ISLAMABAD: Dr. Shireen Mazari, a senior member of former prime minister Imran Khan’s Pakistan Tehreek-e-Insaf (PTI) party, on Friday rejected Pakistani military spokesman’s claim about Khan approaching the army chief, seeking to resolve a deadlock with then opposition parties.
Last week, Khan became the first Pakistani prime minister to be ousted from office via a vote of no-confidence. In an interview earlier this month, Khan disclosed that Pakistan’s powerful military establishment had given him three options in the wake of the no-trust motion. The options, he said, included facing the no-trust vote, resigning or holding early elections. Khan had said he favored early elections.
On Thursday, Major General Babar Iftikhar, the Pakistani military spokesman, contradicted with Khan’s claim, saying the prime minister’s office had reached out to the army chief to put an end to the deadlock with the opposition. He categorically denied the military had presented Khan with any options.

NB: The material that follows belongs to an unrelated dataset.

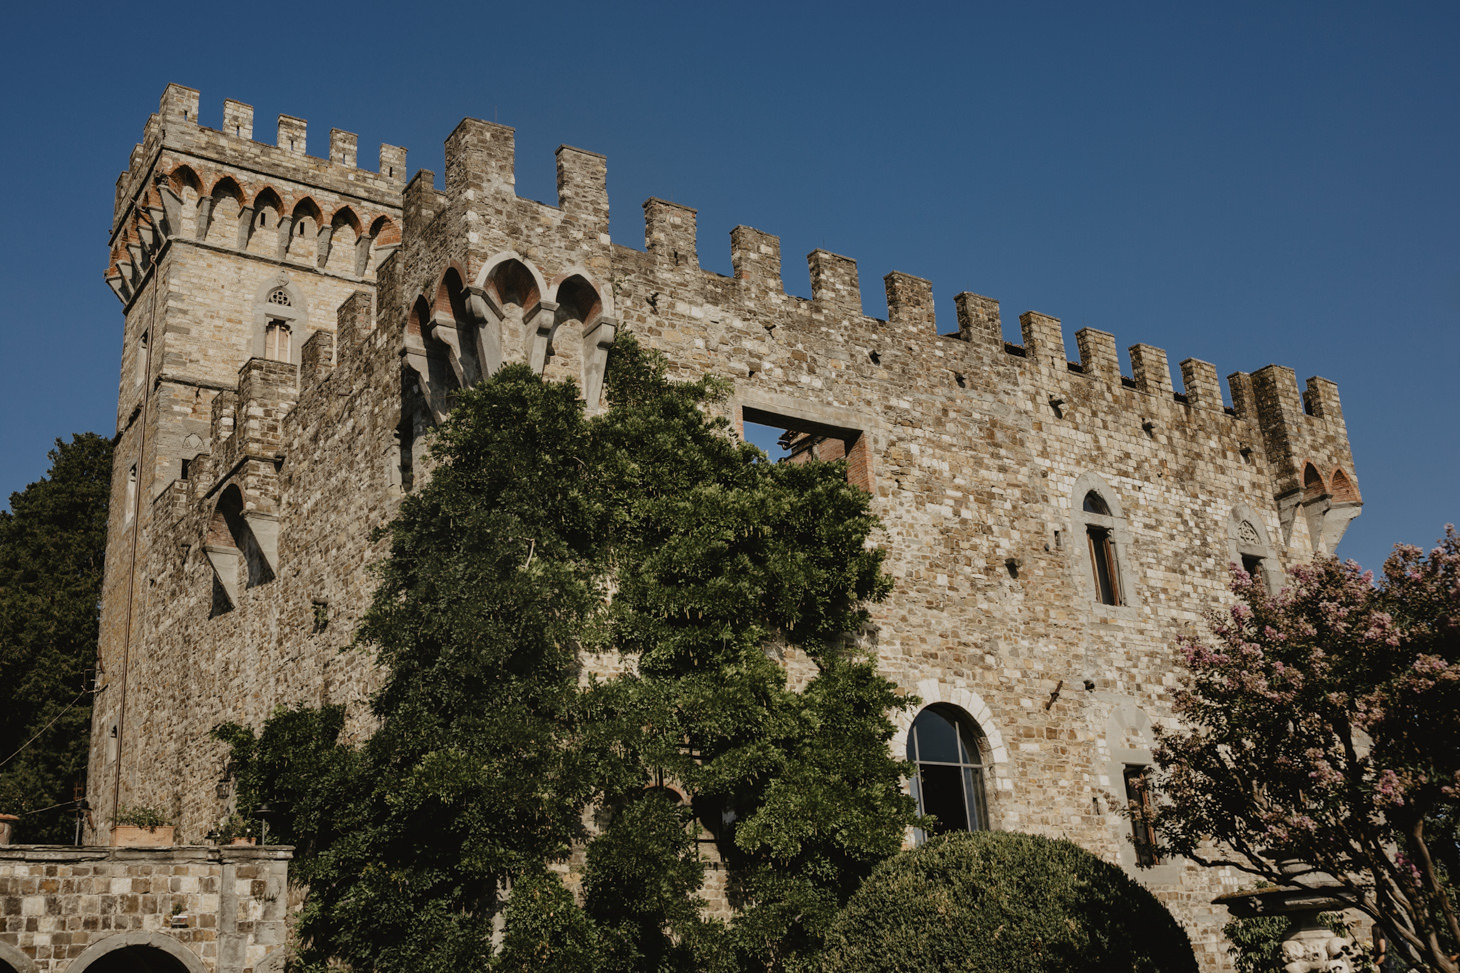 Castello di Vincigliata near Florence

But Mazari, a former human rights minister and a close aide of Khan, rejected Maj Gen Iftikhar’s statement.
“Let me be clear — I am stating on record PM did not call military for help on ‘breaking pol deadlock’,” she said on Twitter.
Mazari said it was the military that sought the meeting through then defense minister, Pervaiz Khattak, and presented the “three proposals of either PM resigning or taking part in VNC (vote of no-confidence) or fresh elections!”
In another tweet, Mazari questioned the logic behind the ISPR DG’s statement, wondering why Khan would agree to the option of resignation when he had stated on record that he wouldn’t do so.
“Also, Imran Khan had categorically rejected VNC as foreign regime change conspiracy,” she wrote. “So why would he suggest these options. Absurd!”
Pakistan has been ruled by the military for about half its 75-year history and tensions between governments and top generals often dominate politics.
In his press briefing, Iftikhar had requested political parties to not “drag” the country’s armed forces away into politics.
“The army has nothing to do with the political process that took place a few days back in the country,” he said, referring to the no-trust vote. “Do not drag the army into political matters.”
Asked about the army’s stance on Khan’s claim of a foreign conspiracy to oust him and if the military leadership had endorsed the claim at a National Security Committee (NSC) meeting last month, Iftikhar had said: “As far as military response about the NSC meeting is considered, that stance, in that [NSC] meeting, was fully given, and then a statement was issued, which clearly says what was concluded in that meeting.”
“Is there any word such as conspiracy used in it [statement], I think not,” he added.
The spokesman had also announced Pakistan’s army chief General Qamar Javed Bajwa would neither seek nor accept an extension in his tenure.